MCP + Context: engineering for the context – hard lessons learned

Intro

I have built my own orchestration framework because most of what I’ve seen was too complex or tried to lock you into creating workflows a certain way. I wanted something very simple and yet maximally flexible. I’m not going into details here on the framework — that’s another blog post — but I will in some cases explain why I could do what I did thanks to the flexibility of the framework, which is a dynamic DAG, can do call-backs, and uses functions and MCP servers. I will also not explain in detail what I’m doing with my current workflow, other than to say I was looking for a way to bypass large language models and instead run it on my own system at home. I succeeded with that — but that’s another blog post. Instead, what I will try to explain in this post is the most important thing after prompt engineering: context engineering, and why it’s so crucial to manage that aspect (especially when you run this at home).

Stage setting

A couple of weeks ago, Anthropic posted this: https://www.anthropic.com/engineering/code-execution-with-mcp (which itself is actually based on an idea by Cloudflare) — in which they make the solid observation that if you overload your context window with MCP functions, you have fewer tokens left for the actual task at hand, and intermittent tool results further decrease the amount of tokens left in the context window. I read it and thought “duh!” — and it made me think, either I’m much smarter than most (unlikely), or people just don’t understand MCP servers and the context window (more likely). I guess the second revelation is the relevant one. But here is the thing: it’s also a form of ideology, because when Anthropic talks about the use of MCP servers, they primarily look at this from the point of view that you are a user chatting with their LLMs, and because they overloaded on the MCP servers, the LLMs can “do anything” (which is of course not true). Then there are the pragmatists like myself, who see the evolution of LLMs and tool calling as an excellent technology to automate pre-defined workflows to the next level. It’s two worlds — but I think my world is the more relevant in our existing setup where we already have pre-defined processes in place. The article is only correct if you don’t have a predefined process.

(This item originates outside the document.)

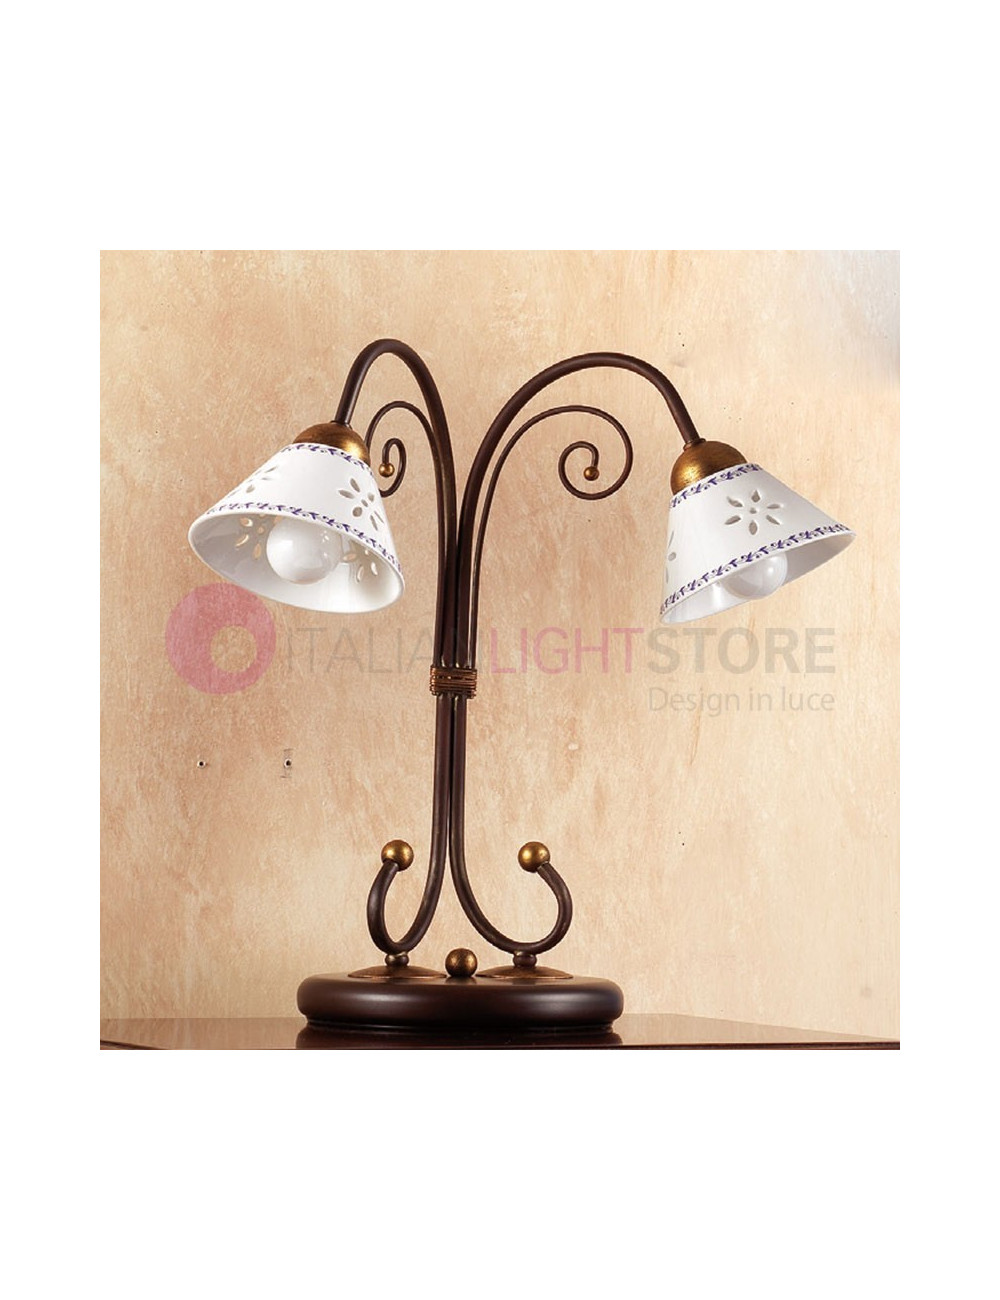 MASSAROSA Rustic-style Table Lamp Ceramic Metal Base italian design

A rather long introduction to lay down this concept about predefined workflows and how to go about agentic AI. Here are my learnings:

1. MCP servers

MCP servers are great — especially well-engineered MCP servers — because they already understand that in order to get the most out of the context window and the LLM, they have to focus on what to return and limit the information so it’s only relevant to the context. In other words: if your MCP server dumps 10,000 tokens into your request, then you have a problem. I’m using the excellent Playwright MCP server by Microsoft which, for example, doesn’t return HTML; it returns very light YAML. But the other important aspect is what the Anthropic post mentioned earlier highlights: you only have to supply the tools that you know your agent will require. For example, if all you want to do is a database query, you only provide the “select from table” tool and nothing else. I can specify that in my orchestration workflow. But sometimes this is still too large.

2. Tool-call callback

I have looked for ways to reduce the amount of information coming back from a tool call, because in certain situations it’s still too much information or not relevant information. My agent structure allows for call-backs when doing tool-calling. The idea here is that before sending the tool result back to the LLM in the next request, you reduce the tool result’s length.

Two examples:

a) Let’s say you have an agentic flow where you visit various websites and sometimes you visit the same site again because it’s interlinked. In my callback function, I keep an array of websites visited and when I see that a website has already been visited, I return this as the tool-call content: “ALREADY VISITED.” That’s 3–4 tokens instead of sending redundant context.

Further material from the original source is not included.